Sure you can do it using advanced indexing, whether it is the fastest way probably depends on your array size (if your rows are large it may not be):
rows, column_indices = np.ogrid[:A.shape[0], :A.shape[1]]
# Use always a negative shift, so that column_indices are valid.
# (could also use module operation)
r[r < 0] += A.shape[1]
column_indices = column_indices - r[:, np.newaxis]
result = A[rows, column_indices]
numpy.lib.stride_tricks.as_strided stricks (abbrev pun intended) again!
Speaking of fancy indexing tricks, there's the infamous - np.lib.stride_tricks.as_strided. The idea/trick would be to get a sliced portion starting from the first column until the second last one and concatenate at the end. This ensures that we can stride in the forward direction as needed to leverage np.lib.stride_tricks.as_strided and thus avoid the need of actually rolling back. That's the whole idea!
Now, in terms of actual implementation we would use scikit-image's view_as_windows to elegantly use np.lib.stride_tricks.as_strided under the hoods. Thus, the final implementation would be -
from skimage.util.shape import view_as_windows as viewW
def strided_indexing_roll(a, r):
# Concatenate with sliced to cover all rolls
a_ext = np.concatenate((a,a[:,:-1]),axis=1)
# Get sliding windows; use advanced-indexing to select appropriate ones
n = a.shape[1]
return viewW(a_ext,(1,n))[np.arange(len(r)), (n-r)%n,0]
Here's a sample run -
In [327]: A = np.array([[4, 0, 0],
...: [1, 2, 3],
...: [0, 0, 5]])
In [328]: r = np.array([2, 0, -1])
In [329]: strided_indexing_roll(A, r)
Out[329]:
array([[0, 0, 4],
[1, 2, 3],
[0, 5, 0]])
Benchmarking
# #seberg's solution
def advindexing_roll(A, r):
rows, column_indices = np.ogrid[:A.shape[0], :A.shape[1]]
r[r < 0] += A.shape[1]
column_indices = column_indices - r[:,np.newaxis]
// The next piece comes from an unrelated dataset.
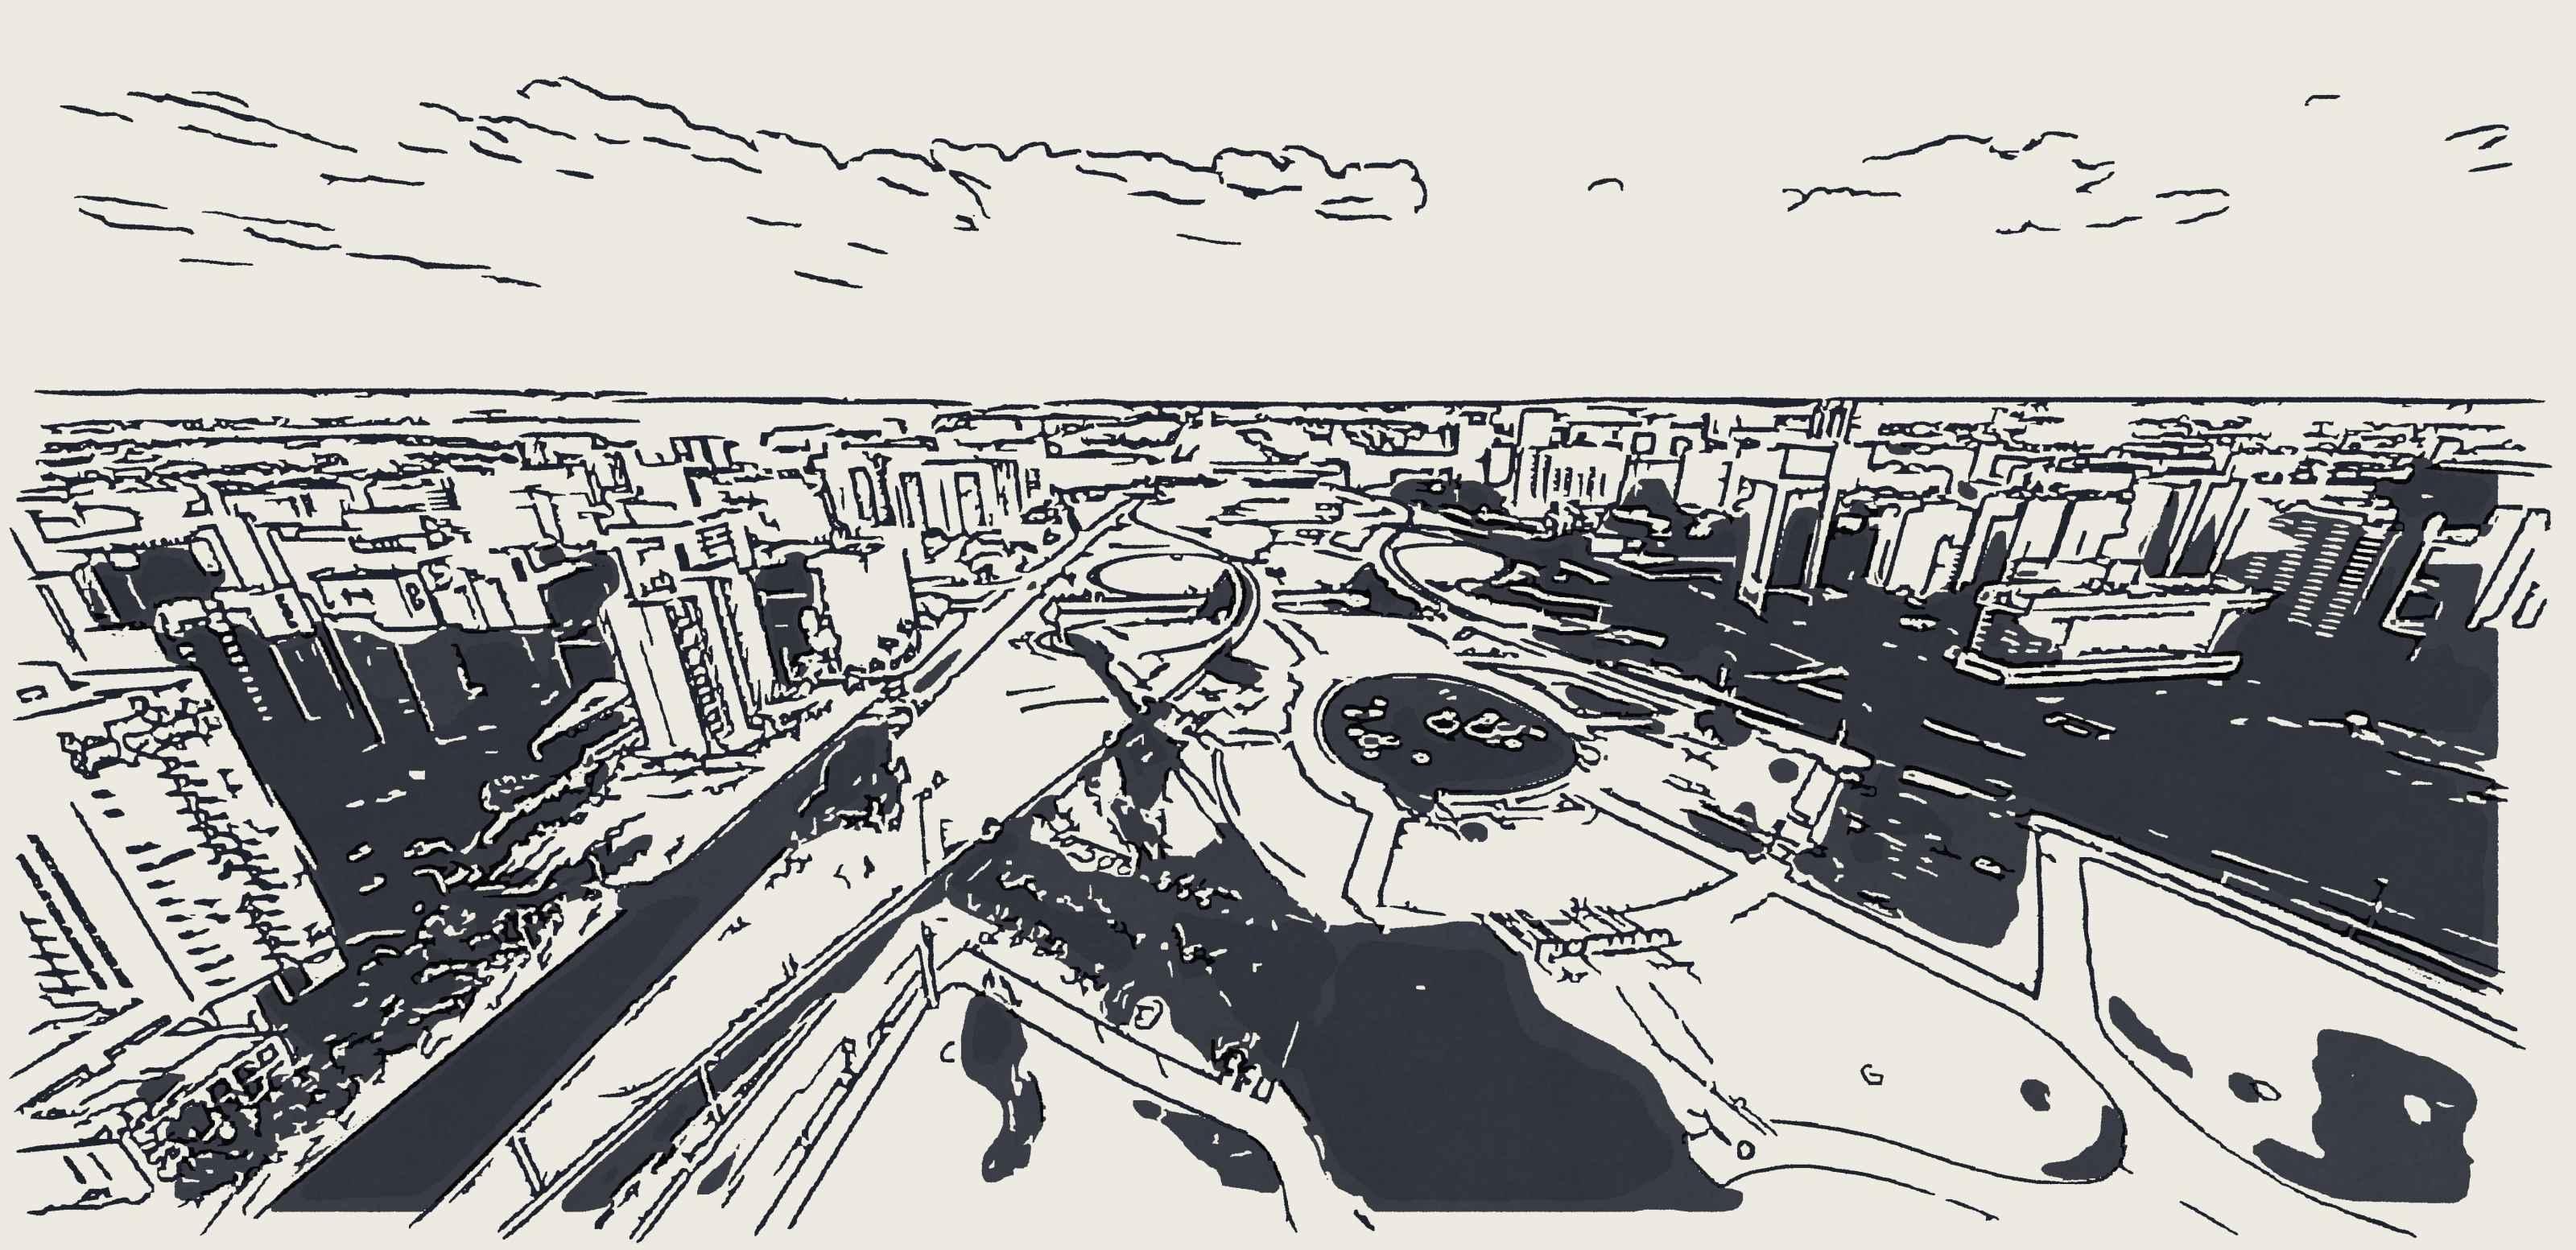 Imagem criada no app Olli by Tinrocket para iOS

return A[rows, column_indices]
Let's do some benchmarking on an array with large number of rows and columns -
In [324]: np.random.seed(0)
...: a = np.random.rand(10000,1000)
...: r = np.random.randint(-1000,1000,(10000))
# #seberg's solution
In [325]: %timeit advindexing_roll(a, r)
10 loops, best of 3: 71.3 ms per loop
# Solution from this post
In [326]: %timeit strided_indexing_roll(a, r)
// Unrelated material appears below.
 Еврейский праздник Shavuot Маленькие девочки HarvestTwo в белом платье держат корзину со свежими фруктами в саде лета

10 loops, best of 3: 44 ms per loop
In case you want more general solution (dealing with any shape and with any axis), I modified #seberg's solution:
def indep_roll(arr, shifts, axis=1):
"""Apply an independent roll for each dimensions of a single axis.
Parameters
----------
arr : np.ndarray
Array of any shape.
shifts : np.ndarray
How many shifting to use for each dimension. Shape: `(arr.shape[axis],)`.
axis : int
Axis along which elements are shifted.
"""
arr = np.swapaxes(arr,axis,-1)
all_idcs = np.ogrid[[slice(0,n) for n in arr.shape]]
# Convert to a positive shift
shifts[shifts < 0] += arr.shape[-1]
all_idcs[-1] = all_idcs[-1] - shifts[:, np.newaxis]
result = arr[tuple(all_idcs)]
arr = np.swapaxes(result,-1,axis)
return arr
I implement a pure numpy.lib.stride_tricks.as_strided solution as follows
from numpy.lib.stride_tricks import as_strided
def custom_roll(arr, r_tup):
m = np.asarray(r_tup)
arr_roll = arr[:, [*range(arr.shape[1]),*range(arr.shape[1]-1)]].copy() #need `copy`
strd_0, strd_1 = arr_roll.strides
n = arr.shape[1]
result = as_strided(arr_roll, (*arr.shape, n), (strd_0 ,strd_1, strd_1))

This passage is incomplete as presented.